There is a long history of presenting 3D content on the Web: For example,
three.js and Babylon JS
are WebGL frameworks that can process many different formats. Then there is
the model-viewer project which shows models
inline in a web page, and also allows users on some devices to see the 3D
object in augmented reality. And iOS Safari has the ability to navigate
directly to an augmented reality view with its
AR Quick Look feature.

However, there are cases where these current options cannot render content.
This is due to security restrictions or to technical limitations of <canvas>
(see below for more details on motivation).

The HTML <model> element aims to allow a website to embed interactive 3D models as
conveniently as any other visual media. Models are expected to be created by 3D authoring
tools or generated dynamically, but served as a standalone resource by the server.
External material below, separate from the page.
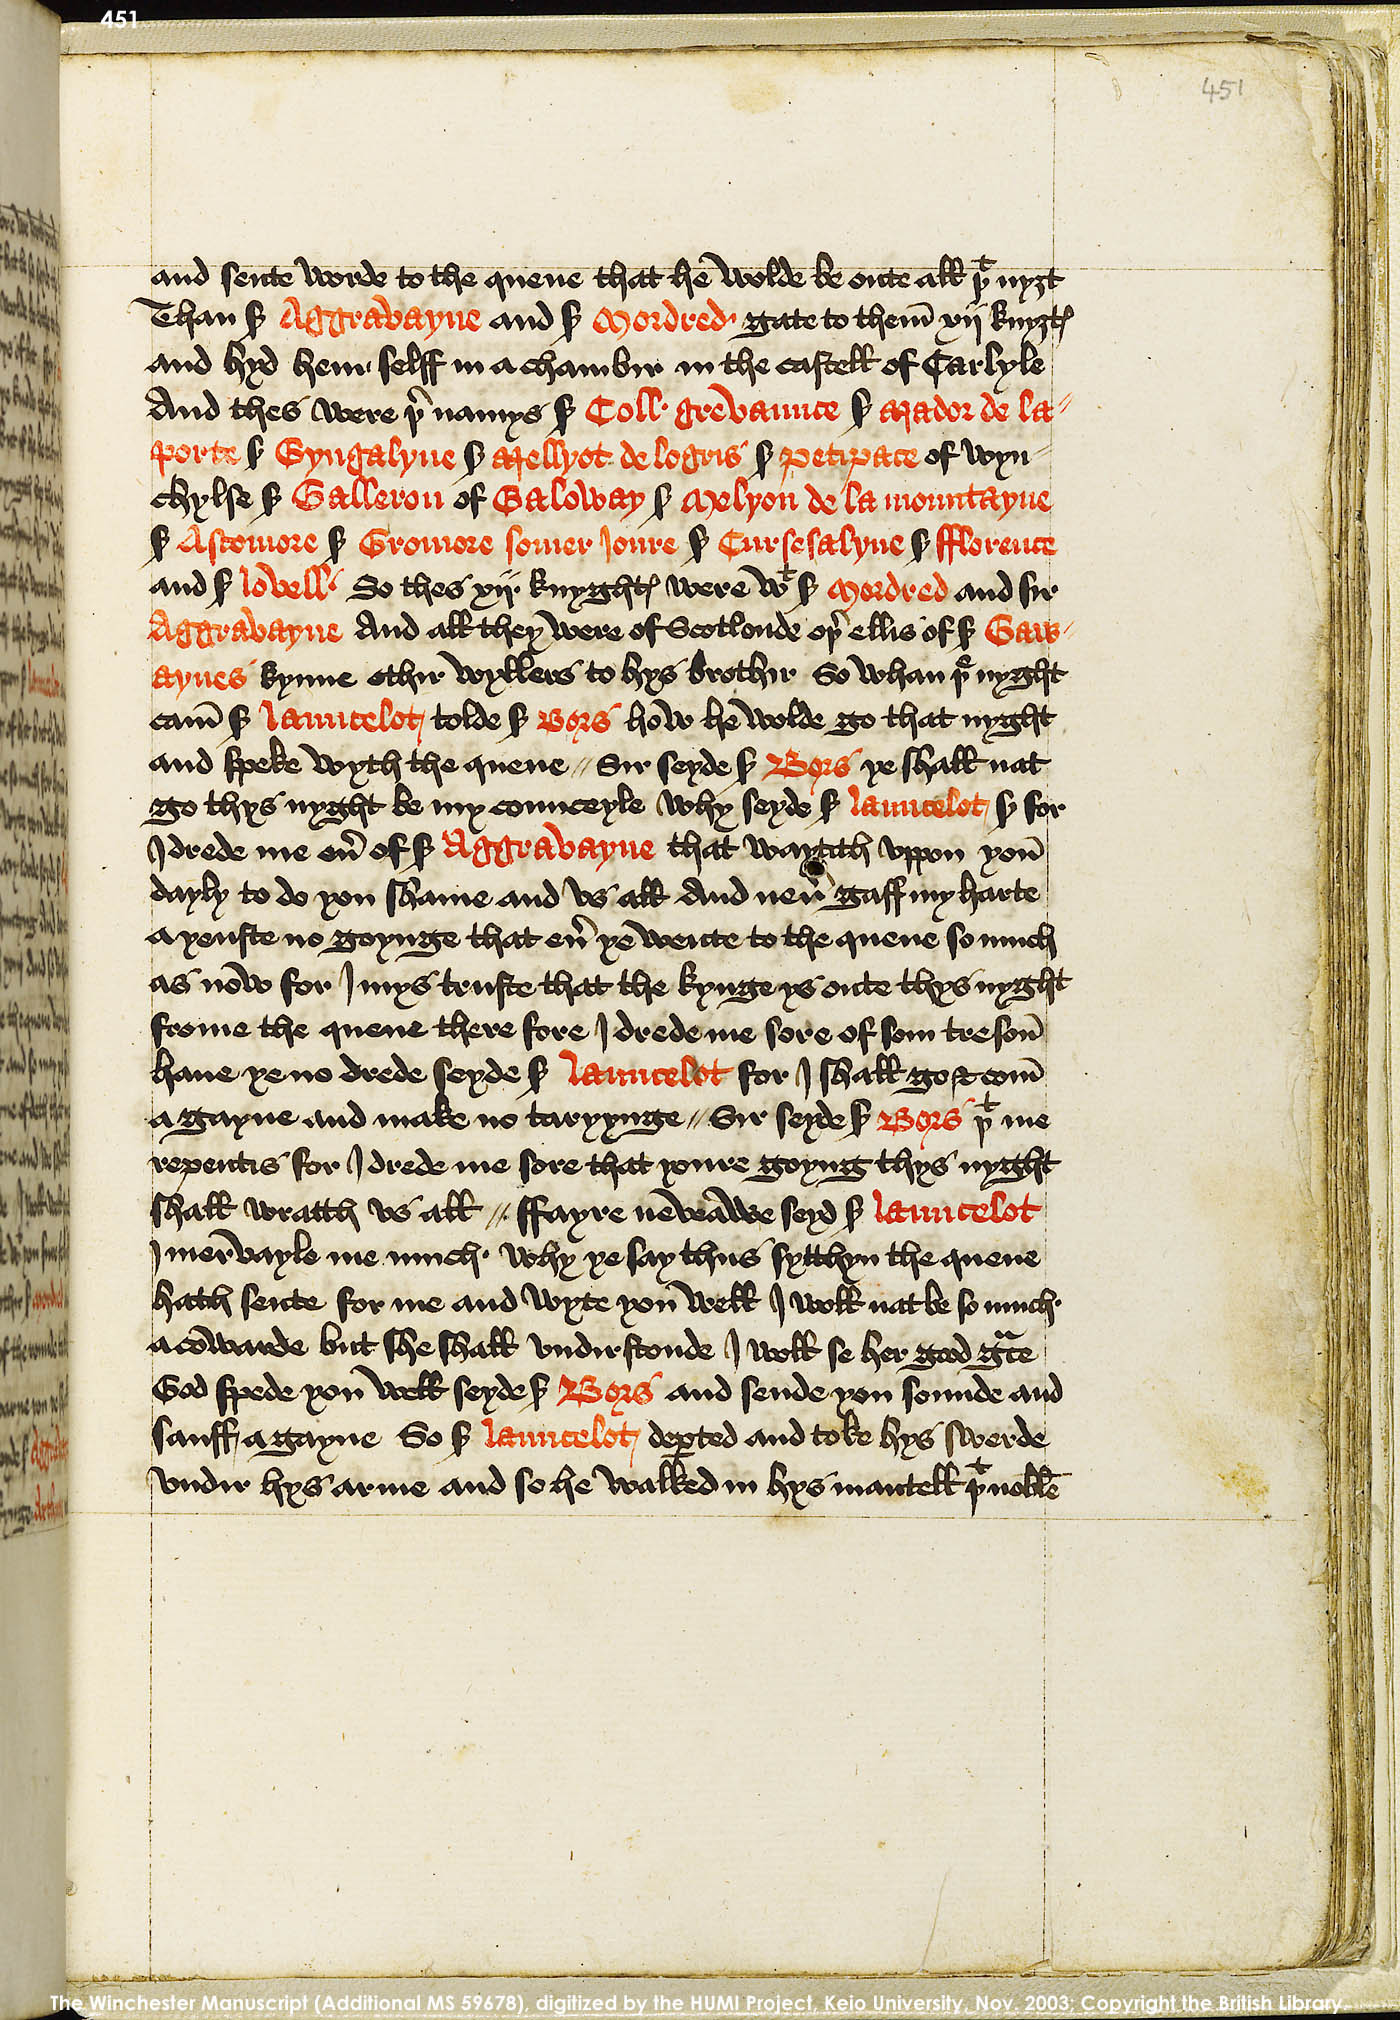 Folio 451r

Additionally, besides the simple display of a 3D model, the <model> element should have
support for interactivity and animations while presented within the page, and also support
more immersive experiences, such as augmented reality.

This proposal does not aim to define a mechanism that allows the creation of a 3D scene
within a browser using declarative primitives or a programmatic API.

The `HTMLModelElement`

The <model> element is a new
replaced HTML
element similar to <video> in that it is replaced visually by the content
of an external resource referenced via a <source> element. Like other
HTML elements, it can be styled using CSS.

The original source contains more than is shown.